DEX administration decreases L-selectin mRNA in mature neutrophils
Northern blot analysis of blood neutrophils and bone marrow F3 cells from one animal per treatment group revealed striking differences in basal L-selectin mRNA abundance between these two neutrophil pools (see 0-h bands in Fig. 7a ). This was confirmed in plots of ß-actin-normalized L-selectin mRNA abundance obtained by slot-blot analysis, where DEX administration clearly inhibited L-selectin gene expression in Percoll-isolated blood neutrophils (P=0.009; Fig. 7b ) and bone marrow F3 cells (P=0.01; Fig. 7c ).

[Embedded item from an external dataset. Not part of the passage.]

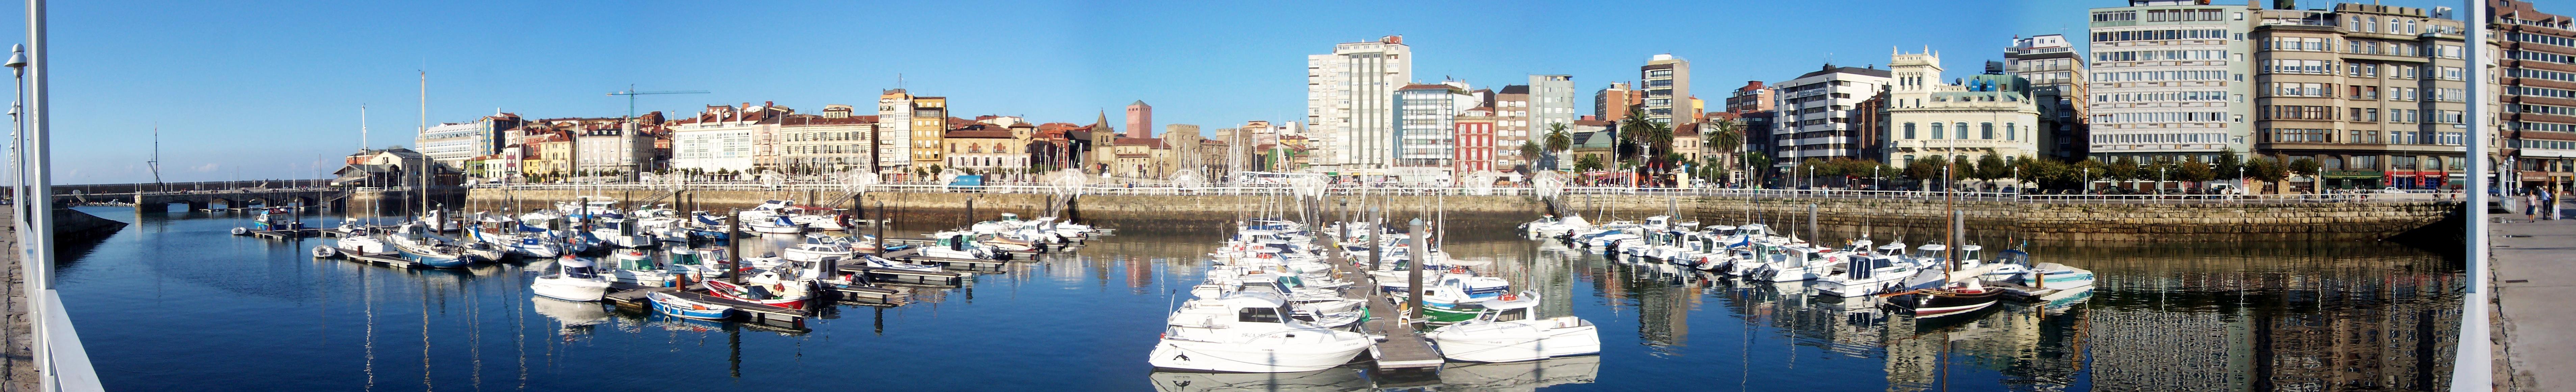 http://upload.wikimedia.org/wikipedia/commons/b/bf/Gijon_puerto_deportivo_12-09-2005.jpg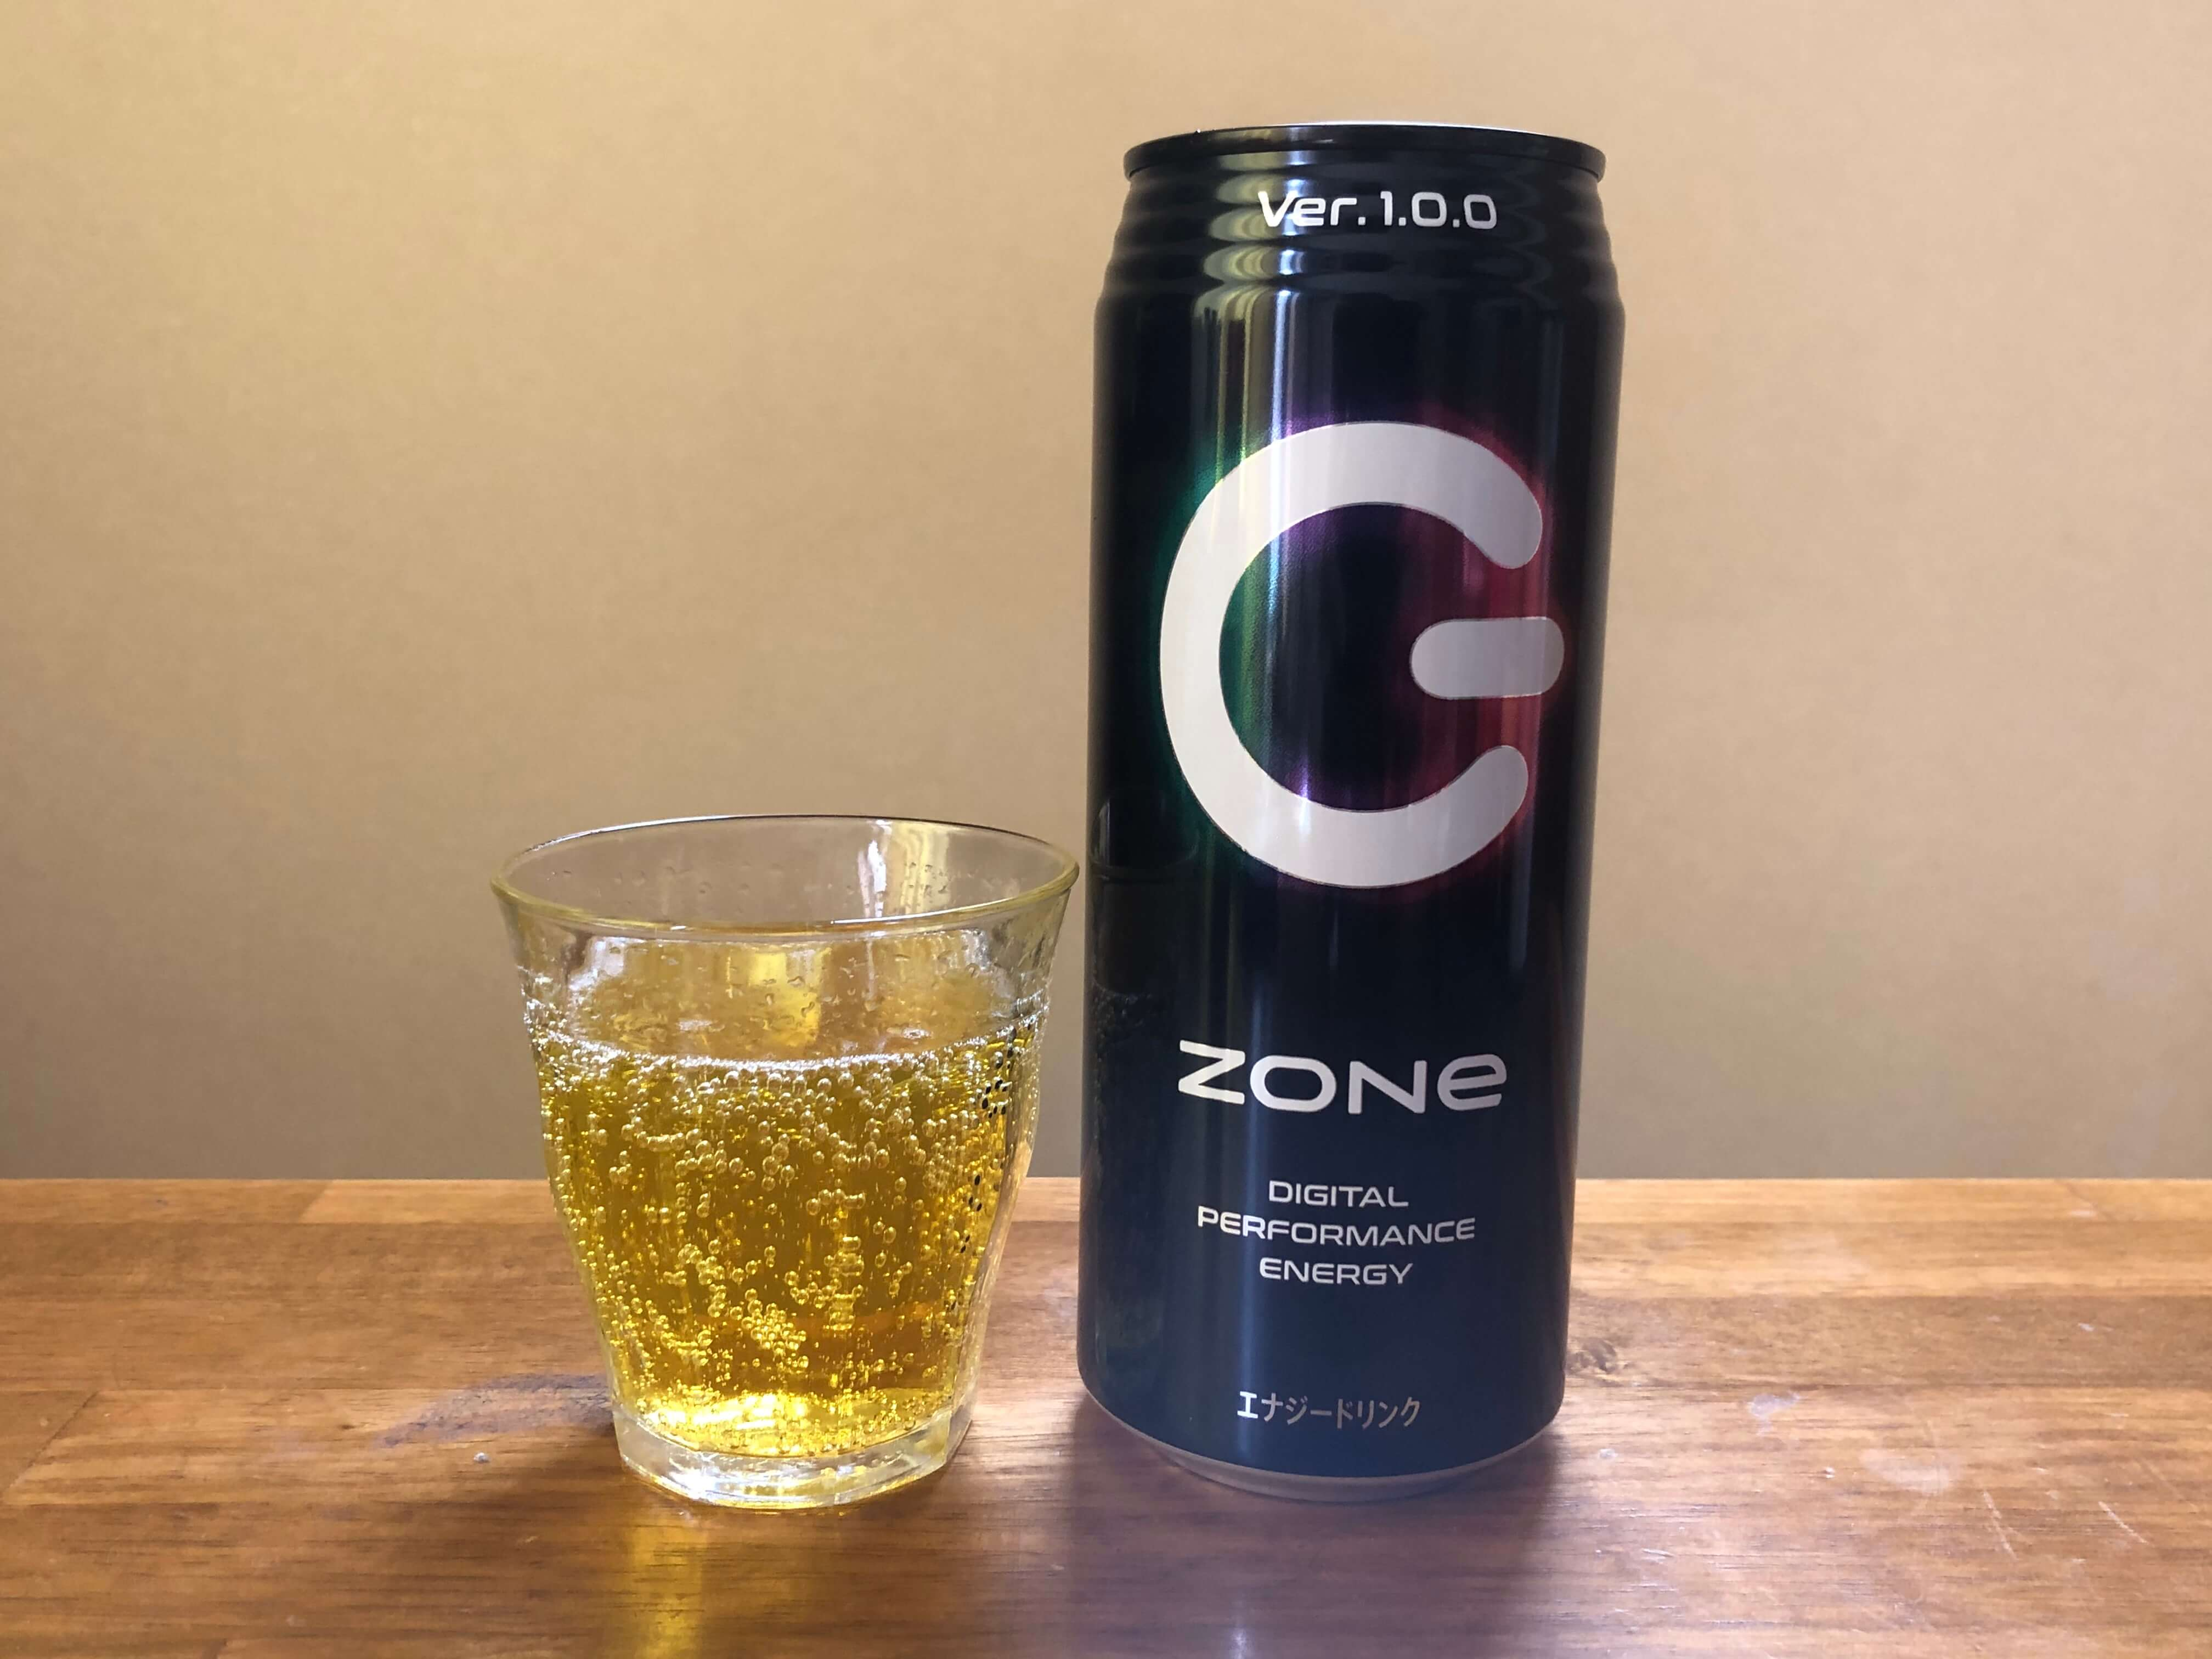 ZONeエナジードリンクの色味

The correlation between L-selectin mRNA abundance in these two neutrophil pools was positive and significant (r=0.88; P=0.05), suggesting that DEX regulation of L-selectin gene expression is the same in mature neutrophils of blood and bone marrow. DEX administration had no effect on L-selectin mRNA abundance in bone marrow F1 cells (P=0.10) or F2 cells (P=0.23; data not shown). Therefore, L-selectin mRNA expression in mature neutrophils of blood and bone marrow was highly sensitive to DEX regulation, and expression in immature myeloid-lineage cells of bone marrow was relatively insensitive to DEX.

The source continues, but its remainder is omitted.